**Work required**: Starting at the line below that contains "Chunichi Dragons Wooden" and ending at the line that contains "Plakat informacyjno-promocyjny o", retype each line exactly as it stands, but omit the pictures.

=== Data records ===

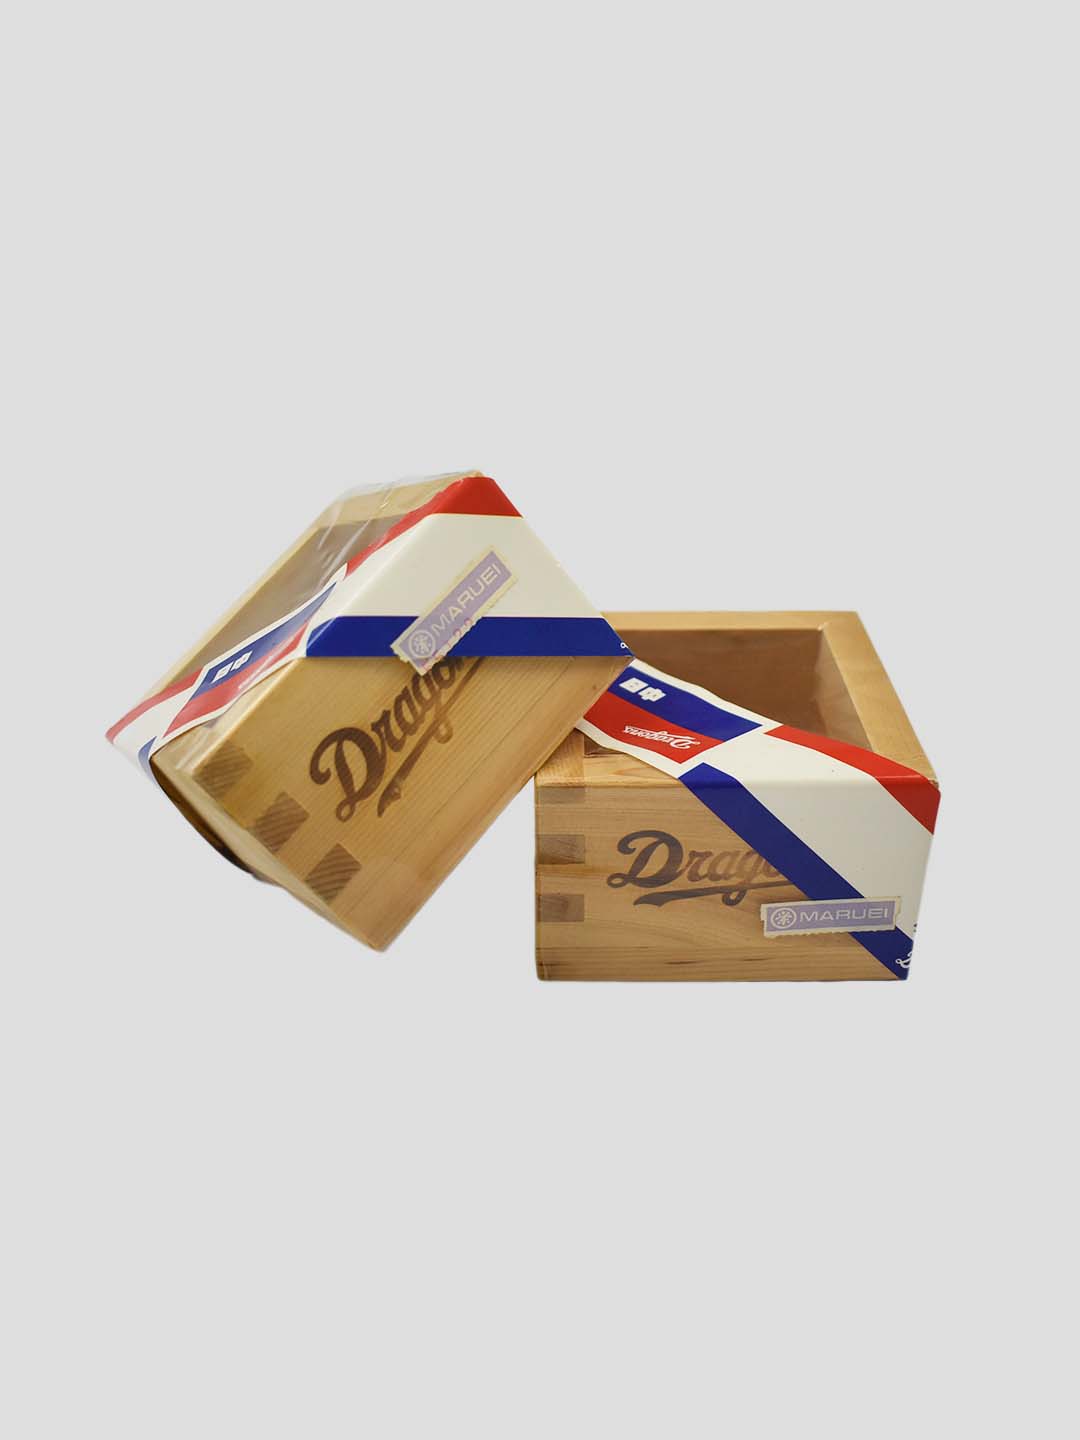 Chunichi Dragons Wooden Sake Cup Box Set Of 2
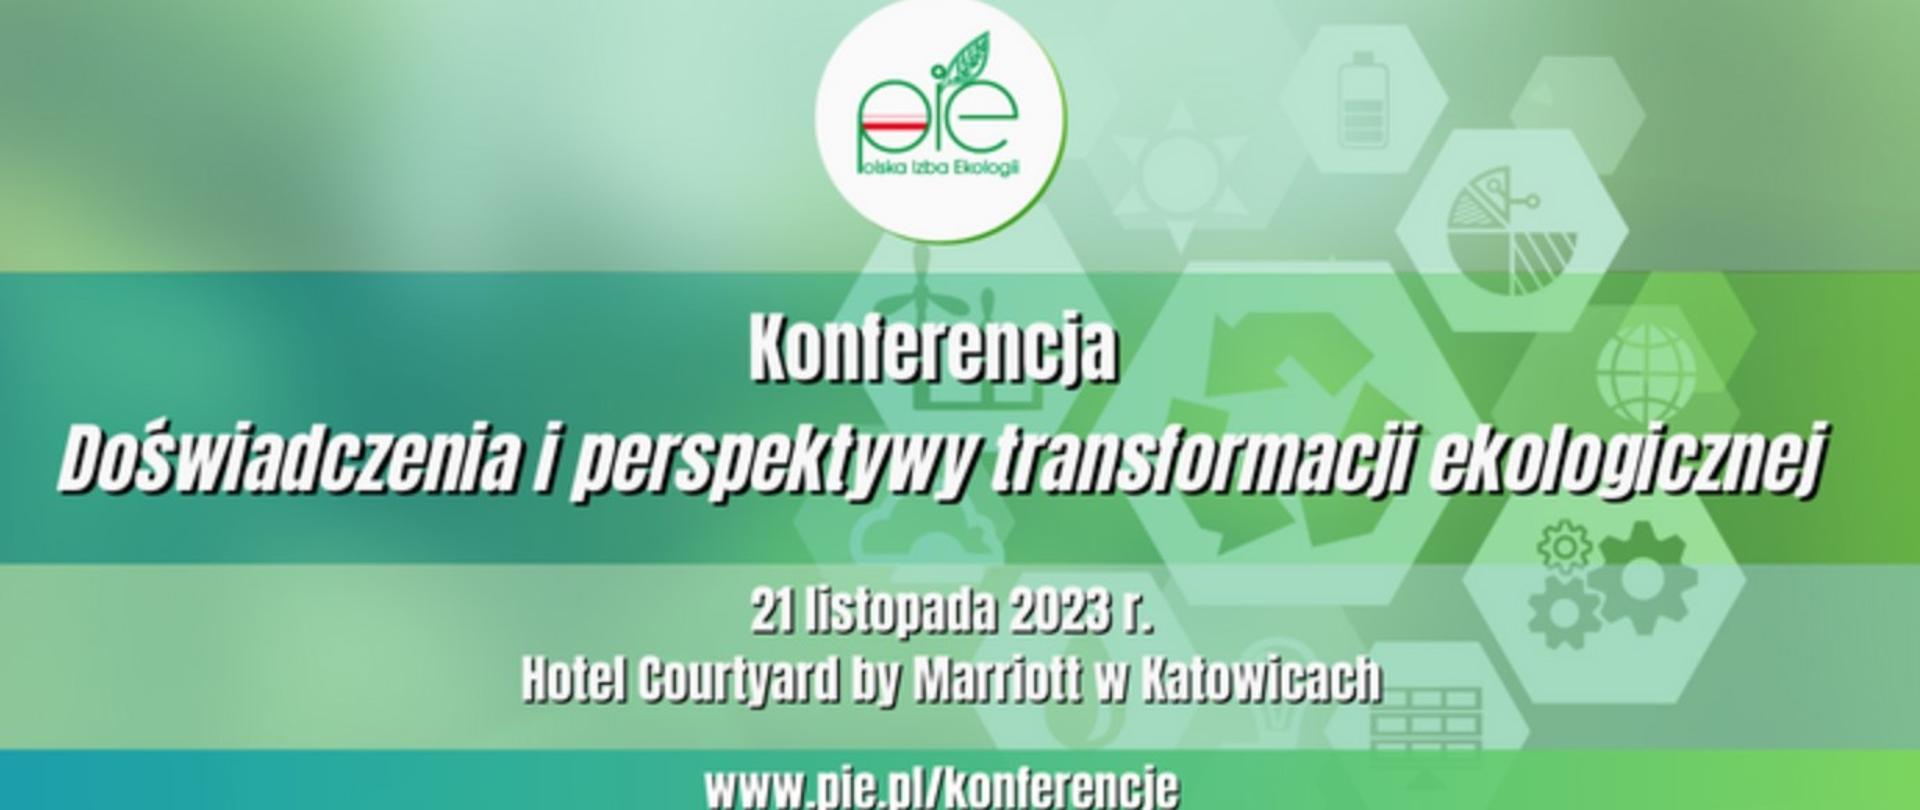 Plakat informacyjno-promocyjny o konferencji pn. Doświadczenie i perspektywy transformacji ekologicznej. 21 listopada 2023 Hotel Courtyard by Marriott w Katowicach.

===
=== Data records ===

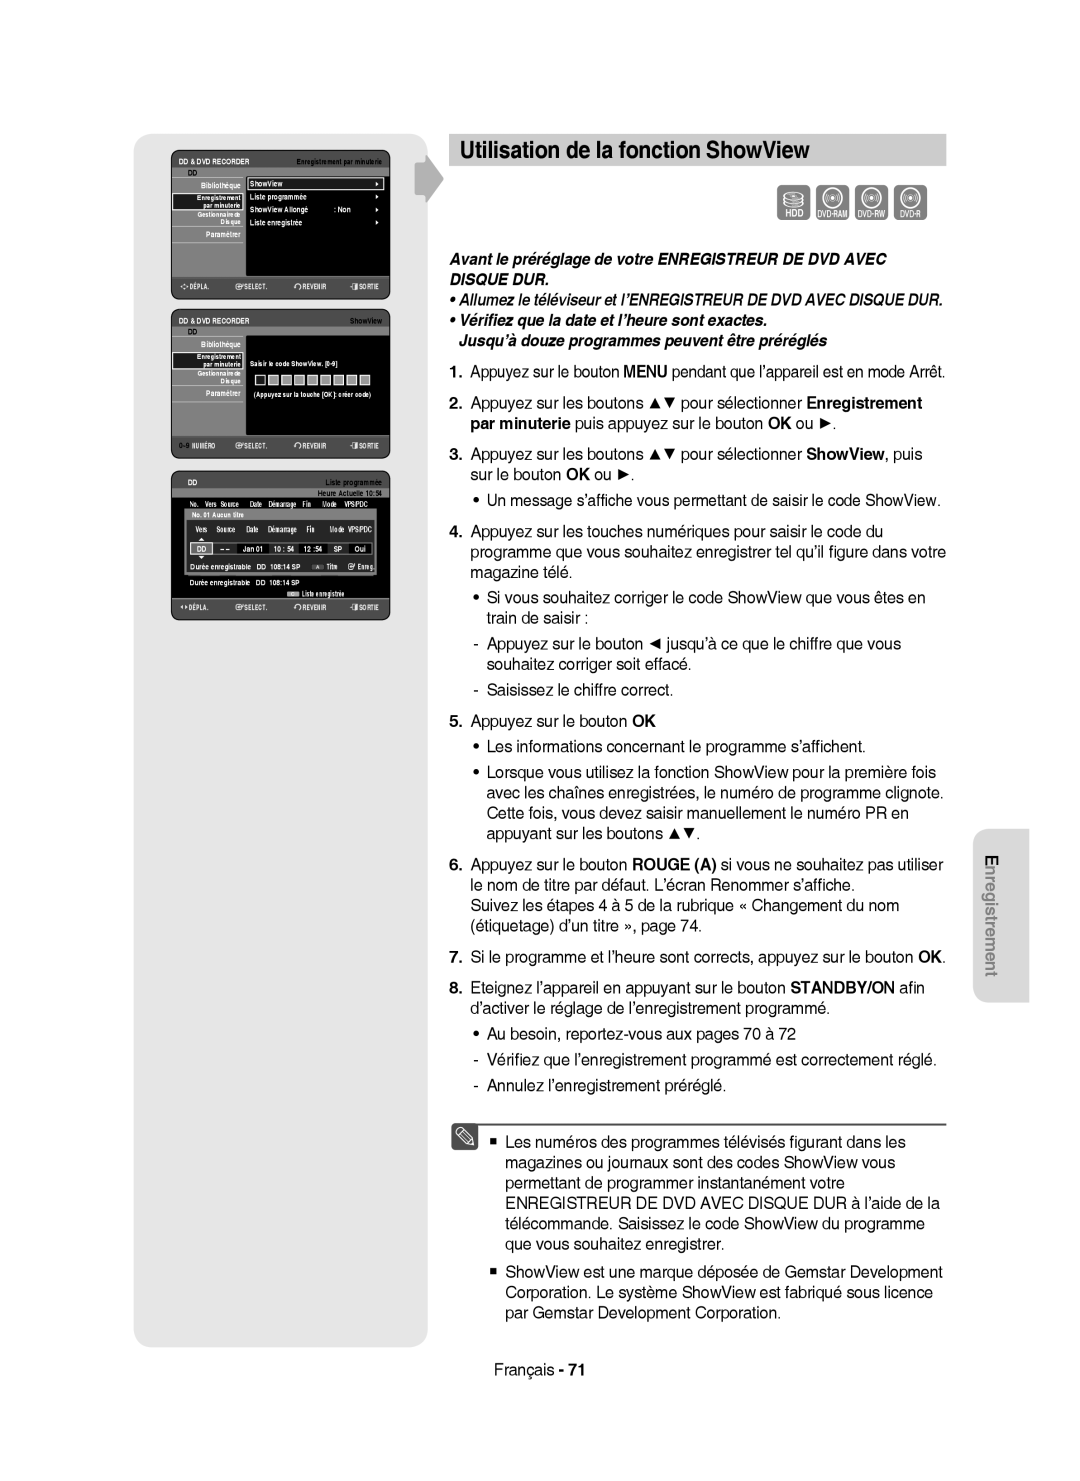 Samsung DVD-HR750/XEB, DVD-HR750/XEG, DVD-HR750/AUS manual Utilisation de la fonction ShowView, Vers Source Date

===

**Answer to this task**:
 Chunichi Dragons Wooden Sake Cup Box Set Of 2
 Plakat informacyjno-promocyjny o konferencji pn. Doświadczenie i perspektywy transformacji ekologicznej. 21 listopada 2023 Hotel Courtyard by Marriott w Katowicach.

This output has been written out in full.